Unless you've just returned from a vacation on Saturn, you know that Lewinsky once again broke her oft-fractured silence last week with an article in Vanity Fair in which she offered up her side of her fraught dalliance with Bill Clinton.
While there wasn't much new in the piece, there certainly was nothing wrong with the media taking notice of this blast from the past.
The problem lies with the endless, not to say absurd, chewing over of the ramifications, the What It All Means, particularly for the presumed presidential candidacy of one Hillary Rodham Clinton.
Vanity Fair put forth an excerpt from the Lewinsky opus last Tuesday. Five days later, ABC's Martha Raddatz, who knows better, was still exploring the fallout Sunday, hosting a roundtable discussion on the gauzy subject on This Week.
To her credit, Raddatz grilled ubiquitous pundit Bill Kristol, editor of The Weekly Standard, on whether he stood by his magazine's ludicrous proposition that Lewinsky's article was stage managed by the Clinton camp.
(In case you're at home scoring, Kristol dithered a little and inevitably changed the subject to the GOP obsession Benghazi.)
The last week has been rife with blather over whether Lewinsky's ruminations will "hurt" Clinton's presumptive campaign (by rekindling memories of Team Clinton's impressive collection of baggage) or "help" her (by focusing on the distraction long before the actual campaign).
This before Clinton, the overwhelming Democratic front-runner in the polls, has even said she is running. And at a time when Politico - and who knows better than Politico - says chances of her running are no better than 50-50, according people close to her.
Well, let's make this easy. The impact on Clinton's campaign, if there is one, of Lewinsky's splashy re-emergence is ... none. It will change the vote of precisely no one.
The market, as they say, has absorbed this news. People have pretty much made up their minds about the Clintons. The ones who can't stand the Clintons haven't forgotten about Bill's sordid ways, and never will. The Clinton fans have accepted them as part of the package. And Lewinsky's literary adventures aren't going to influence them either way.
And the lucky younger voters, who were spared the era of the flashed thong and the blue dress, not to mention other Clinton scandals, real and imagined, are going to judge Clinton on a variety of criteria, none of which is likely to be her husband's Oval Office affair with the world's highest-profile intern.
But the preoccupation with Lewinsky's return is as ineluctable as it is silly.
In the current media climate, thanks to the voracious appetites of cable, talk radio, politically focused websites, nothing is too small to overcover.
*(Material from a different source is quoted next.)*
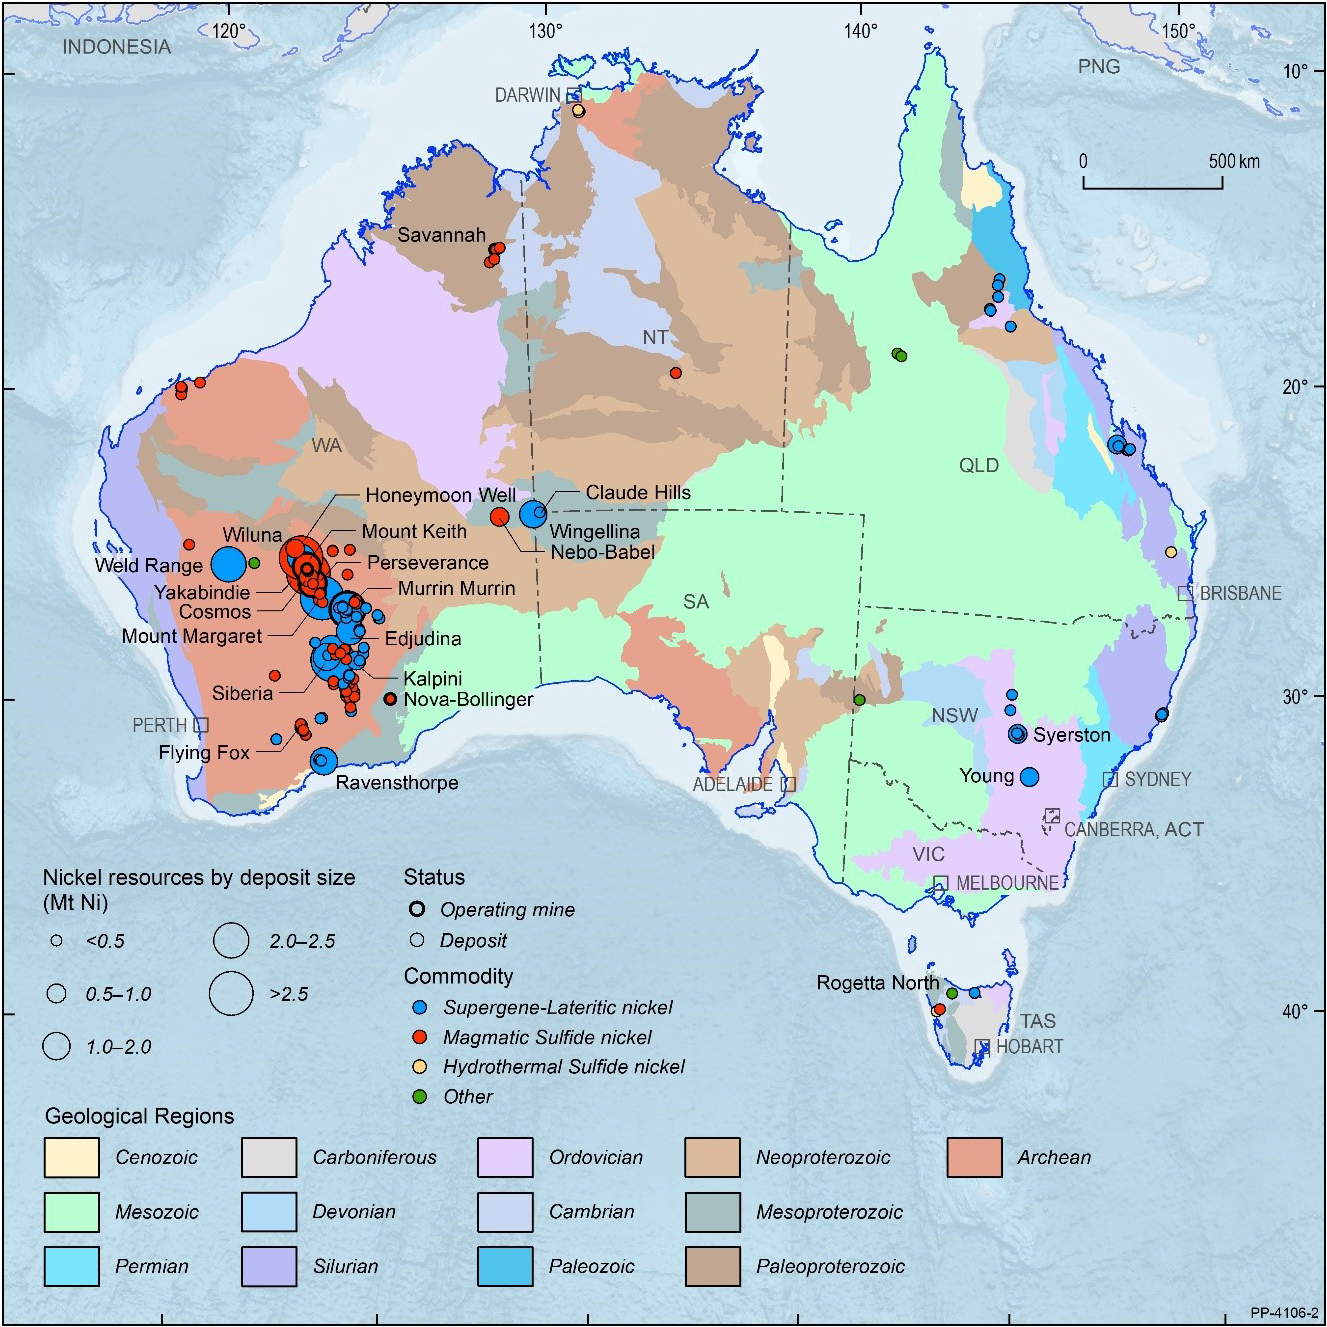 Nickel-Cu-PGE Mineral Potential Map, WA Dulfer, H. 2016 (Geoscience Australia) - Click to enlarge
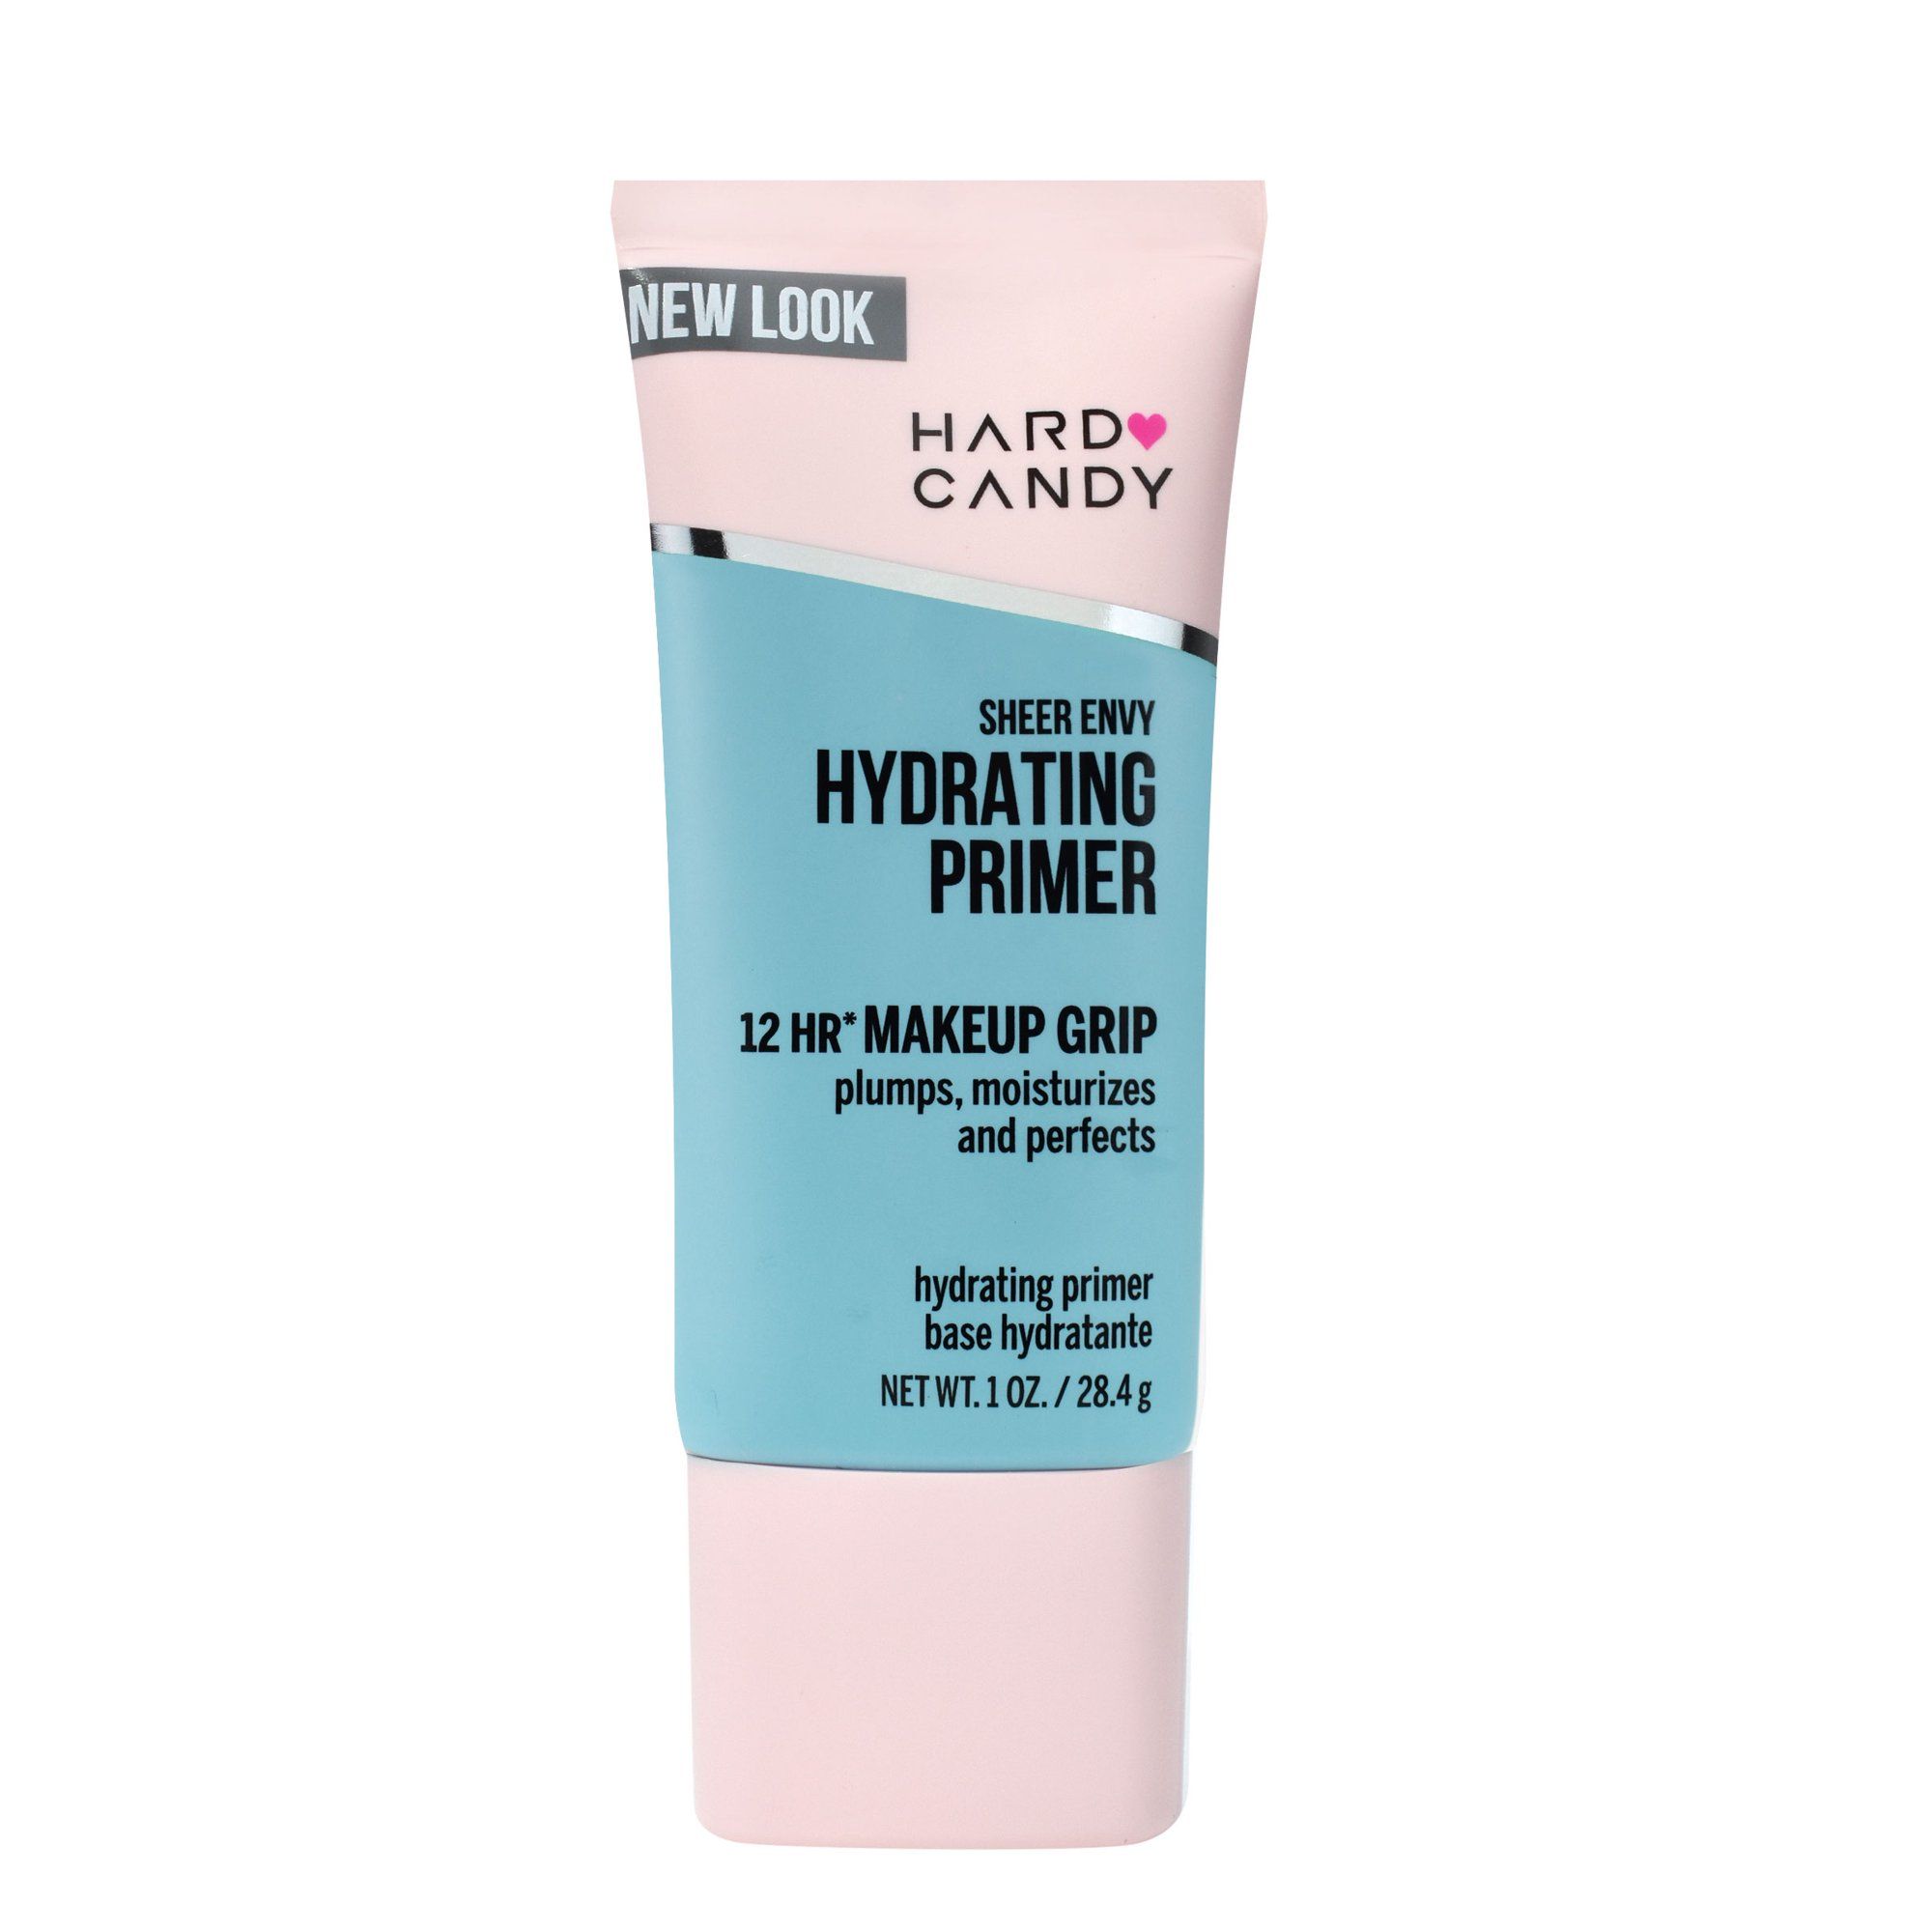 Hard Candy Hydrating 12 Hour Makeup Grip + Hyaluronic Acid Primer | Walmart (US)

Everything must be analyzed to within an inch of its life.
And so Lewinsky got the full treatment.
Inevitably, there were lists: Time ranked the top 10 mistresses. BuzzFeed told us what the world was like in 1998, when the scandal erupted. USA TODAY did a where-are-they-now on key players in the saga. Paging Ken Starr!
Probably the best piece of journalism to emerge from the paroxysm was BuzzFeed's dead-on look at how various media outlets, including BuzzFeed, would cover the Clinton/Lewinsky story if it took place today.
Mercifully, and surprisingly, we were spared a CNN segment on Lewinsky's take on the missing Malaysian airliner.
But there is a silver lining: Now we know what to expect when Gennifer Flowers, Paula Jones, Kathleen Willey and other Clinton scandal veterans write their pieces for Vanity Fair.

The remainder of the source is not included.